So here is the series
$\displaystyle \Sigma\limits_{n=1}^\infty \frac{x^{2n-1}}{(2n-1)!}$
For what values of x will it converge?
According to the ratio test, a series is convergent when $\displaystyle \displaystyle \begin{align*} \lim_{n \to \infty} \left| \frac{a_{n+1}}{a_n} \right| < 1 \end{align*}$.
So get an expression for this limit, set it less than 1, then solve for x.
Right I was thinking along the lines of ratio test
I get this
$\displaystyle \lim_{n\rightarrow\infty} \frac{x^2}{2n(2n+1)}$
which becomes
$\displaystyle x^2\lim_{n\rightarrow\infty} \frac{1}{2n(2n+1)}$
clearly, the limit goes to 0 which is less than 1 so it converges. What can i say about x?
For this series,
$\displaystyle \Sigma\limits_{n=1}^\infty \frac{n(x-1)^n}{2^n}$
Clearly by ratio test, I get that
$\displaystyle \lim_{n\rightarrow\infty}{a_{n}}^{1/n} = 1$. So it's inconclusive here. What can I say about which values of x will it converge?
Maybe you should try the ratio test then...

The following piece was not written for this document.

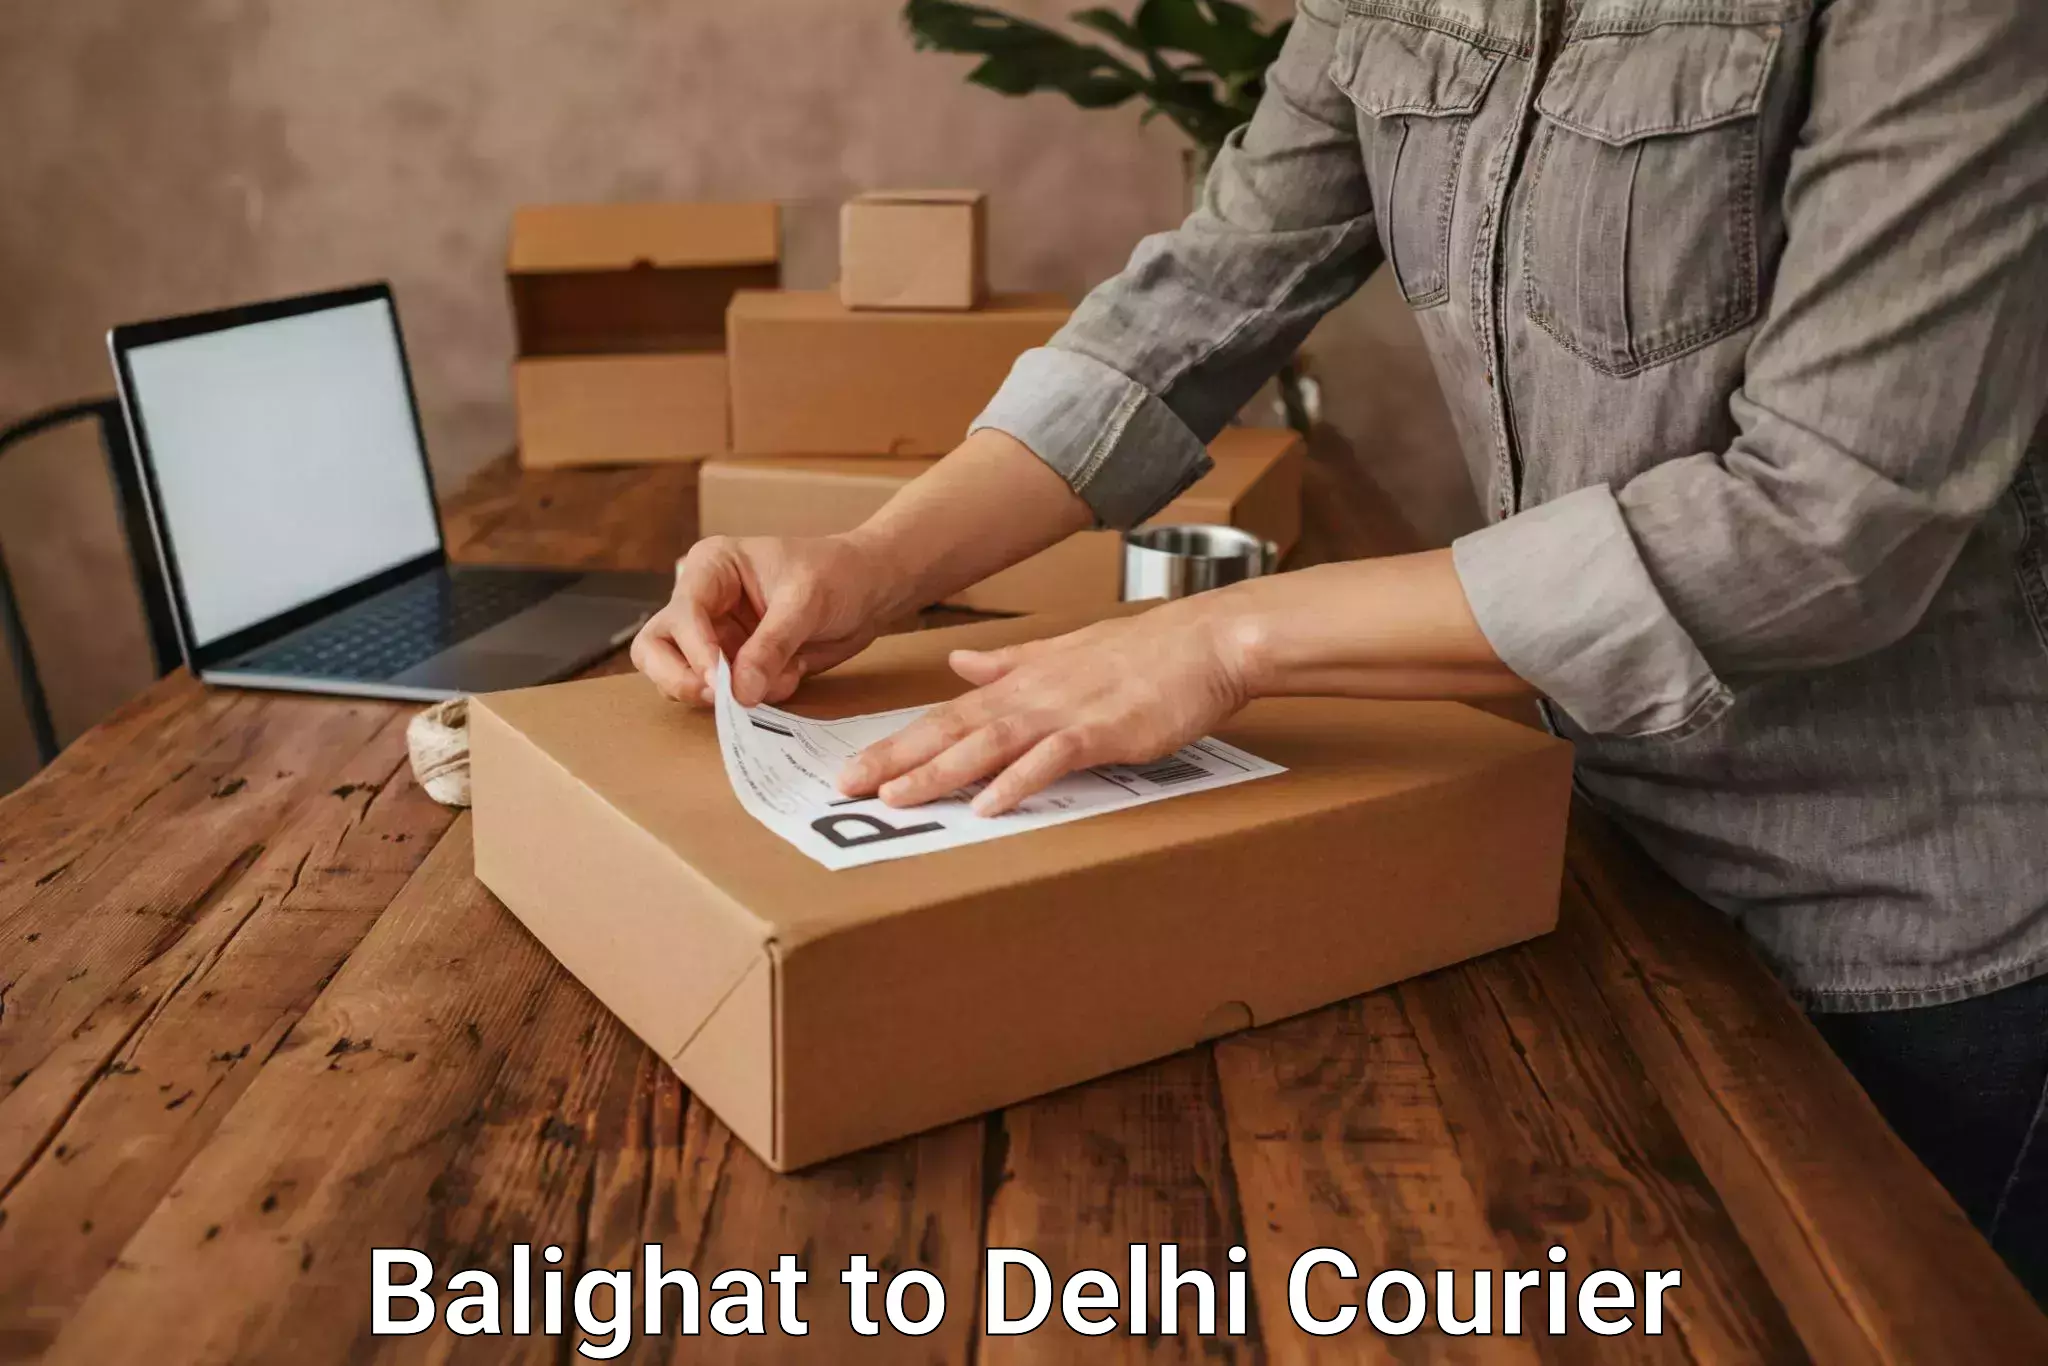 Flexible delivery schedules Balighat to IIT Delhi

$\displaystyle \displaystyle \begin{align*} \left| \frac{a_{n+1}}{a_n} \right| &= \left| \frac{\frac{(n+1)(x - 1)^{n+1}}{2^{n+1}}}{\frac{n(x-1)^n}{2^n}} \right| \\ &= \left| \frac{2^n(n+1)(x-1)^{n+1}}{2^{n+1}n(x-1)^n} \right| \\ &= \frac{1}{2}|x - 1| \left| \frac{n + 1}{n} \right| \end{align*}$
The "n" stuff goes to 1, but the rest doesn't. You should be able to get an interval for x when you set this entire limit less than 1.
Not true at all. For any series, if you can show the series of absolute values is convergent, then so is the original series. What we are doing by taking the absolute value of the ratio in the ratio test is to check the convergence of the absolute value series. When this is convergent, so is the original series.